It's been a tough 12 months for bank shareholders with the share price of each of the big four banks down between 4.8% and 12% since 14 August 2015.
The Commonwealth Bank of Australia (ASX: CBA) didn't help matters much when it reported last week and disclosed anaemic revenue and profit growth along with flat dividends on the prior year.
I also don't expect too much to be different from each of National Australia Bank Ltd. (ASX: NAB), Australia and New Zealand Banking Group (ASX: ANZ) and Westpac Banking Corp (ASX: WBC) when they report their respective full-year financial results later in 2016.
Given the banks' size and maturity, revenue growth is hard to find.
However, if you've got money to invest today, you should aim to grow your investment meaningfully over time, and to do this, you need to buy into companies that are both reasonably priced and have the potential to grow their revenue, operating cash flow and net profits.
Rather than focus on the big four banks, here are four stock ideas that you can follow up on and which I believe offer reasonable growth prospects in the next 3-5 years:
Sirtex Medical Limited (ASX: SRX)
This medical device company, which manufactures liver cancer treatments using small particle technology, is not without risk. However, shareholders have been amply rewarded over the longer-term due to incredible revenue and earnings growth over the last 10 years.
On 11 July 2016, the company announced that its dose sales of SIR-Spheres Y-90 resin microspheres for the end of the financial year was 16.4%, towards the upper-end of previously-provided guidance of 15-17%.
Here's hoping for a similar growth in net profit.
With a share price that is still 24% down from its previous high, holding shares in Sirtex would be a good option for those investors who wish to buy exposure to a fast-growing company as a part of a diversified portfolio.
Fantastic Holdings Limited (ASX: FAN)
Despite some restructuring affecting the Le Cornu brand in Adelaide, the company is still expected to report earnings before interest and tax (EBIT) approximately 30% above that of 2014-15 (after one-off non-recurring charges associated with the restructuring).
With profit growth above 30% expected, and with the provision of a fully-franked dividend yield of 4.6%, the company's shares still look like good value today for this Australian furniture manufacturer and retailer.
Event Hospitality and Entertainment Ltd (ASX: EVT)
The company's shares have risen 20% in the last 12 months, mainly because of good performances at an operational level for this diversified provider of entertainment, hospitality and tourism/leisure services.
For the first half of the 2015-16 financial year, revenue was up 15.9% with profit and diluted earnings-per-share up almost 50%.
Whilst there's been no guidance from the company before it reports its annual results later this month, earnings are forecast to be at least 20% higher than that of 2014-15.
With a fully-franked dividend yield of 3.3%, this would be a good stock to own over three to five years as a part of a diversified portfolio.
IPH Ltd (ASX: IPH)
This provider of intellectual property services has been marked down from a high of $9.43 to $6.23 more recently.

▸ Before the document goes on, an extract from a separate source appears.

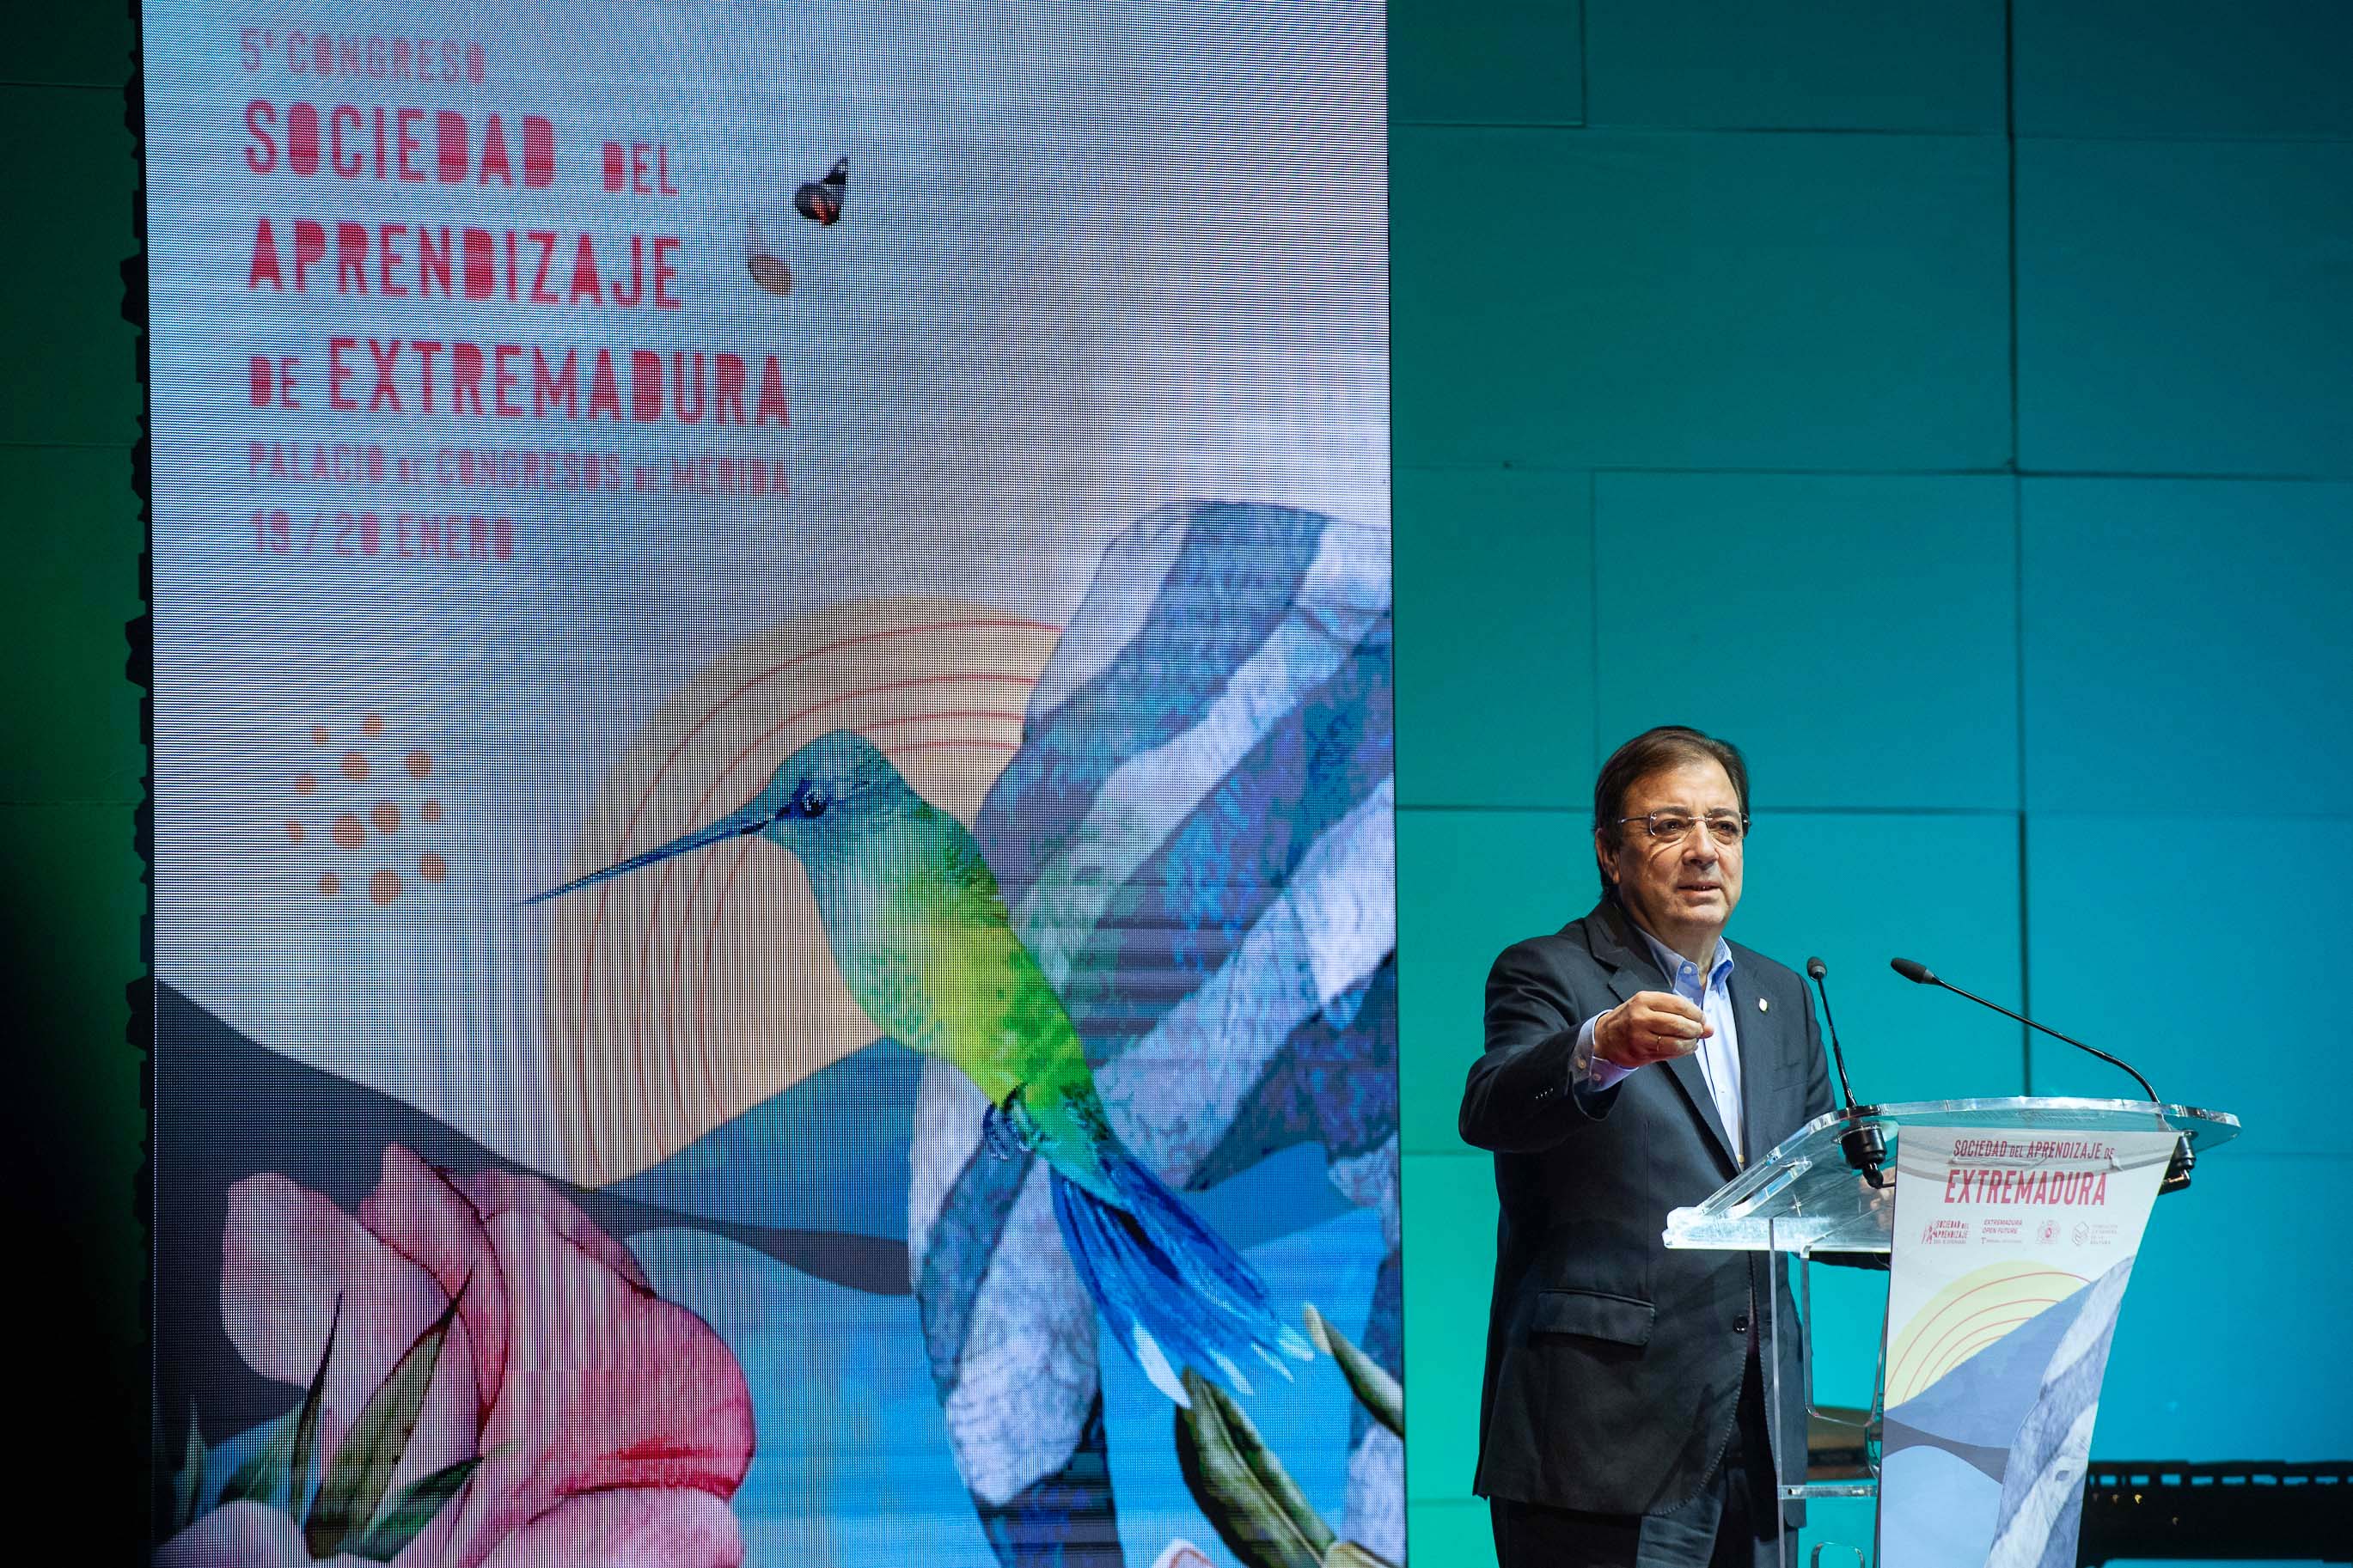 Fernández Vara interviene en la inauguración del Congreso del Aprendizaje

The only reason why I think the share price has fallen so far is that the share price had gotten ahead of itself in the first place, and its fall back to where it is today provides an opportunity.
The shares provide a 2.9% partially-franked dividend yield, but with earnings-per-share nevertheless forecast to be 30% higher by 2017-18, today's price looks enticing.
Foolish takeaway
It's easy to focus on the big four banks, or any of the other big names in the top 20, but being big or well known doesn't necessarily translate to good market-beating returns over the long term.
If you can extend your investment horizon beyond the big four banks, and then diligently read up and learn as much as you can about the smaller companies in the ASX universe, you may well find some very suitable portfolio candidates that will treat you very well over time.